We can then compare mpg for both auto and manual transmission with mean and plot
## auto manual
## 17.14737 24.39231
g <- ggplot(mtcars, aes(y=mpg, x=factor(am),
color=factor(am, labels=c('0=auto', '1=manual')))) + geom_violin()
g + theme(legend.title=element_blank()) + labs(x = "Transmission", y = "Miles/Gallon") +
ggtitle("Impact of Transmission on Consumption")
It clearly seems that manual transmission have a greater positive impact on mpg (24.39 > 17.15).
This is further confirmed y a t-test (p<.5) as follow:
t.test(mtcars$mpg[mtcars$am==0], mtcars$mpg[mtcars$am==1])
##
## Welch Two Sample t-test
##
## data: mtcars$mpg[mtcars$am == 0] and mtcars$mpg[mtcars$am == 1]
## t = -3.7671, df = 18.332, p-value = 0.001374
## alternative hypothesis: true difference in means is not equal to 0
## 95 percent confidence interval:
## -11.280194 -3.209684
## sample estimates:
## mean of x mean of y
## 17.14737 24.39231
But we should not take this result for granted and do some additional analysis…
fit <- lm(mpg~am, mtcars)
summary(fit)
##
## Call:
## lm(formula = mpg ~ am, data = mtcars)
##
## Residuals:
## Min 1Q Median 3Q Max
## -9.3923 -3.0923 -0.2974 3.2439 9.5077
##
## Coefficients:
## Estimate Std. Error t value Pr(>|t|)
## (Intercept) 17.147 1.125 15.247 1.13e-15 ***
## am 7.245 1.764 4.106 0.000285 ***
## ---
## Signif. codes: 0 '***' 0.001 '**' 0.01 '*' 0.05 '.' 0.1 ' ' 1
##
## Residual standard error: 4.902 on 30 degrees of freedom
## Multiple R-squared: 0.3598, Adjusted R-squared: 0.3385
## F-statistic: 16.86 on 1 and 30 DF, p-value: 0.000285
So manual transmission offer an increase of 7.24mpg over automatic but only 36% of the variance is explained by transmission, this is quite low…
par(mfrow = c(1,2))
with(mtcars, plot(am, mpg, bg=am, pch=21, ylab="Miles per Gallon", xlab="Transmission"))
abline(fit, lwd = 2, col = "blue")
plot(resid(fit), mtcars$mpg, ylab="Miles per Galon", xlab='Residuals')
We can visually confirm an intercept at ~17 and a slope around 7.
We can also confirm that we should definitly improve our model as there is some pattern left in the residuals.
We choose to keep cyl, hp, wt to build a better model (anova results with p<.5)
fit_improved <- lm(mpg~am+cyl+hp+wt, mtcars)
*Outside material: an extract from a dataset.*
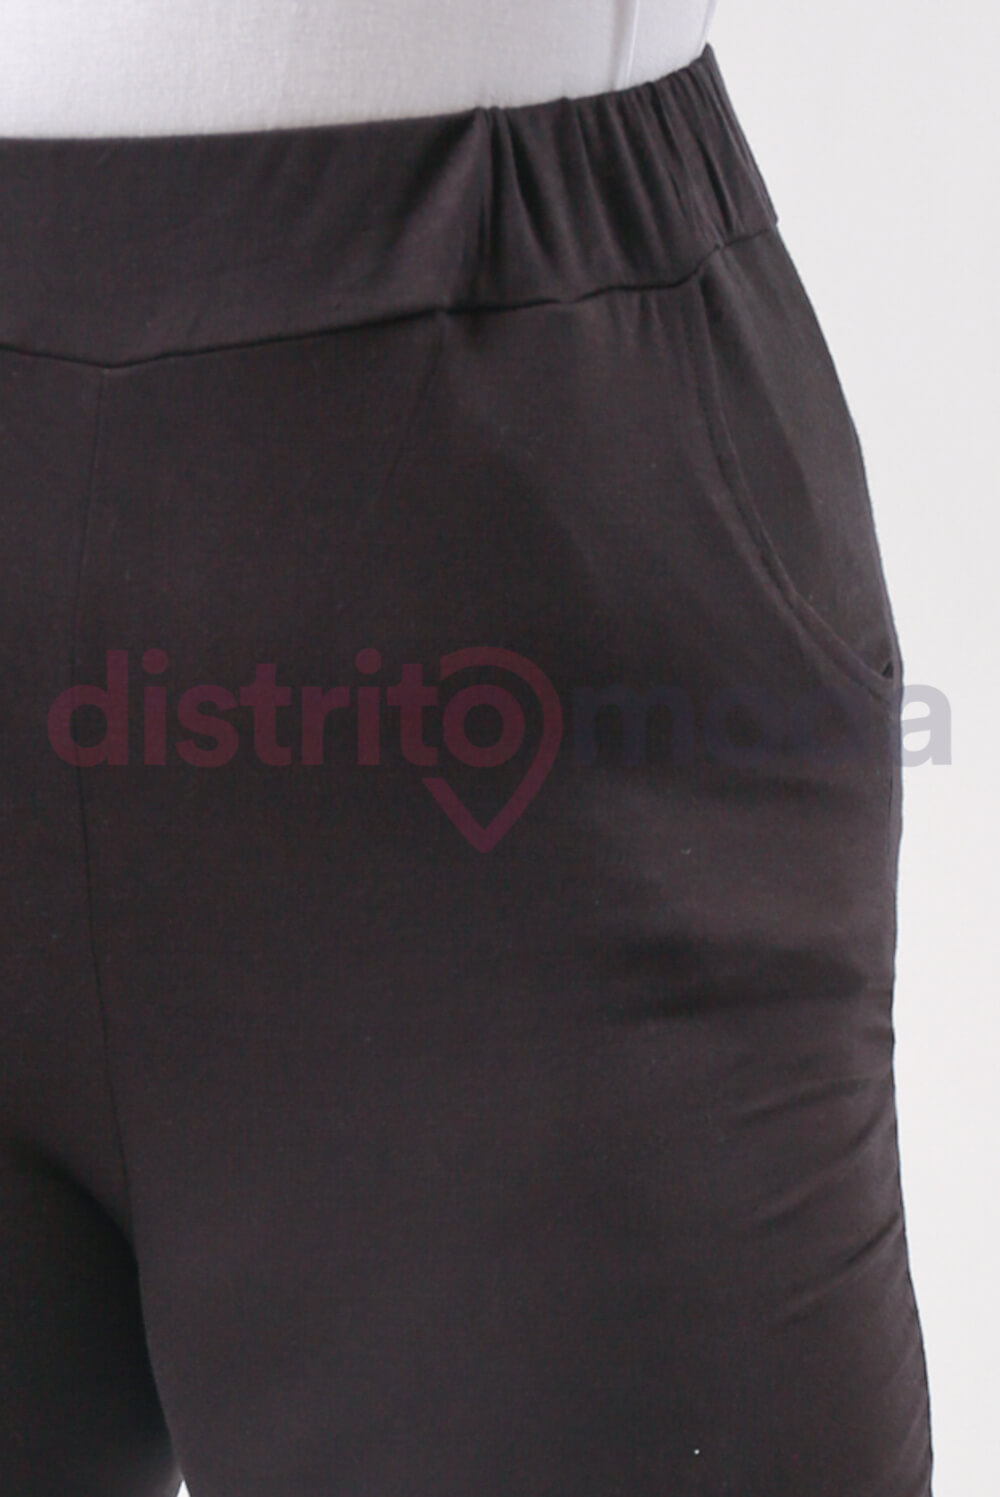 Pantalon De Modal Distrito Moda

anova(fit_improved, fit_all) # additional check that removed var were not bringing value
summary(fit_improved)
##
## Call:
## lm(formula = mpg ~ am + cyl + hp + wt, data = mtcars)
##
## Residuals:
## Min 1Q Median 3Q Max
## -3.4765 -1.8471 -0.5544 1.2758 5.6608
##
## Coefficients:
## Estimate Std. Error t value Pr(>|t|)
## (Intercept) 36.14654 3.10478 11.642 4.94e-12 ***
## am 1.47805 1.44115 1.026 0.3142
## cyl -0.74516 0.58279 -1.279 0.2119
## hp -0.02495 0.01365 -1.828 0.0786 .
## wt -2.60648 0.91984 -2.834 0.0086 **
## ---
## Signif. codes: 0 '***' 0.001 '**' 0.01 '*' 0.05 '.' 0.1 ' ' 1
##
## Residual standard error: 2.509 on 27 degrees of freedom
## Multiple R-squared: 0.849, Adjusted R-squared: 0.8267
## F-statistic: 37.96 on 4 and 27 DF, p-value: 1.025e-10
From R^2 of our new model we see that ~85% of variance is covered (against 36%)!
We can now perform last tests on our final model…
par(mfrow = c(2,2))
plot(fit_improved)
All seems ok as:
If manual transmission have a positive impact than automatic on MPG (+1.48mpg over automatic) it result to be much less than we first thought with our first model (+7.24mpg), which, with further analysis, showed that it was not just transmission on itself that was responsible for it.
While trying to improve the model, we find several other variables linked to it that have greater impact (either negative or positive), for example weight (‘wt’ with -2.61mpg).